Returning function pointer type

Often I find the need to write functions which return function pointers. Whenever I do, the basic format I use is:

typedef int (*function_type)(int,int);

function_type getFunc()
{
   function_type test;
   test /* = ...*/;
   return test;
}

However this can get cumbersome when dealing with a large number of functions so I would like to not have to declare a typedef for each one (or for each class of functions)

I can remove the typedef and declare the local variable returned in the function as: int (*test)(int a, int b); making the function body look like this:

{
     int (*test)(int a, int b);
     test /* = ...*/;
     return test;
}

but then I do not know what to set for the return type of the function. I have tried:

int(*)(int,int) getFunc()
{
    int (*test)(int a, int b);
    test /* = ...*/;
    return test;
}

but that reports a syntax error. How do I declare the return type for such a function without declaring a typedef for the function pointer. Is it even possible? Also note that I am aware that it seems like it would be cleaner to declare typedefs, for each of the functions, however, I am very careful to structure my code to be as clean and easy to follow as possible. The reason I would like to eliminate the typedefs is that they are often only used to declare the retrieval functions and therefore seem redundant in the code.

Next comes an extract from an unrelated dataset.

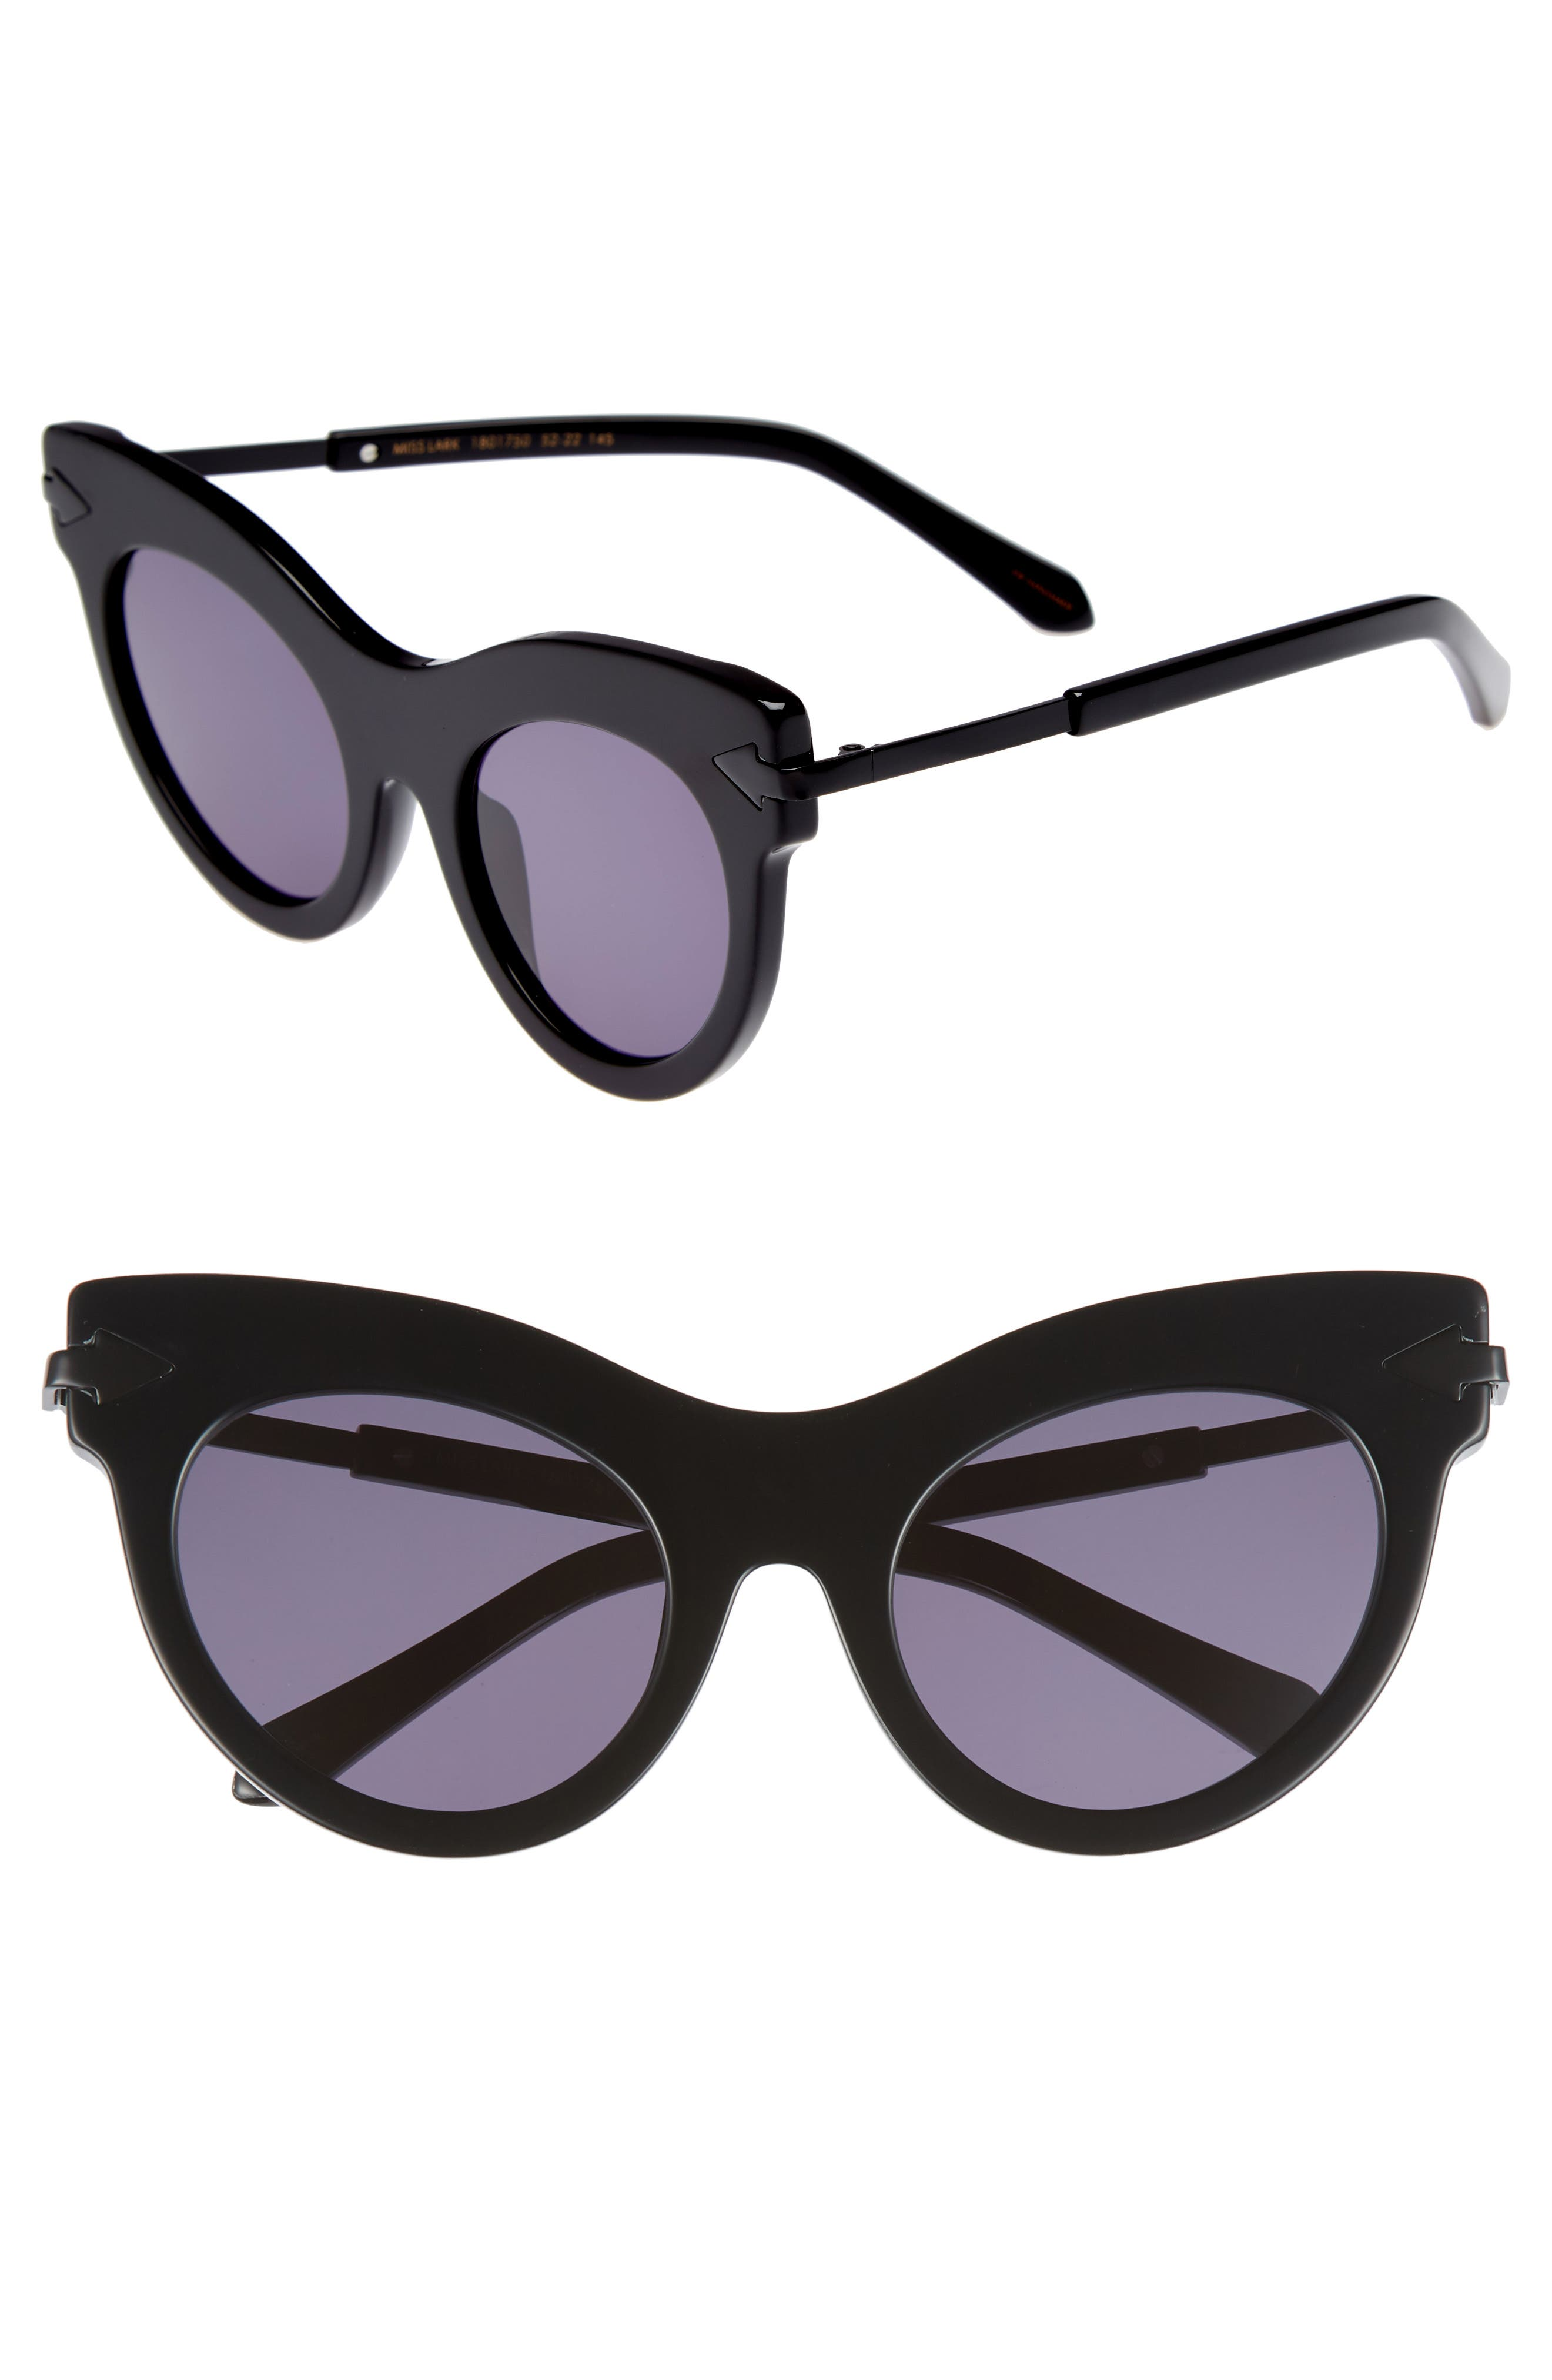 Miss Lark 52mm Cat Eye Sunglasses,                         Main,                         color, BLACK

int (*getFunc())(int, int) { … }

That provides the declaration you requested. Additionally, as ola1olsson notes, it would be good to insert void:

int (*getFunc(void))(int, int) { … }

This says that getFunc may not take any parameters, which can help avoid errors such as somebody inadvertently writing getFunc(x, y) instead of getFunc()(x, y).

You can probably do something like:

int foo (char i) {return i*2;}

int (*return_foo()) (char c)
{
   return foo;
}

but god, I hope I'll never have to debug you code....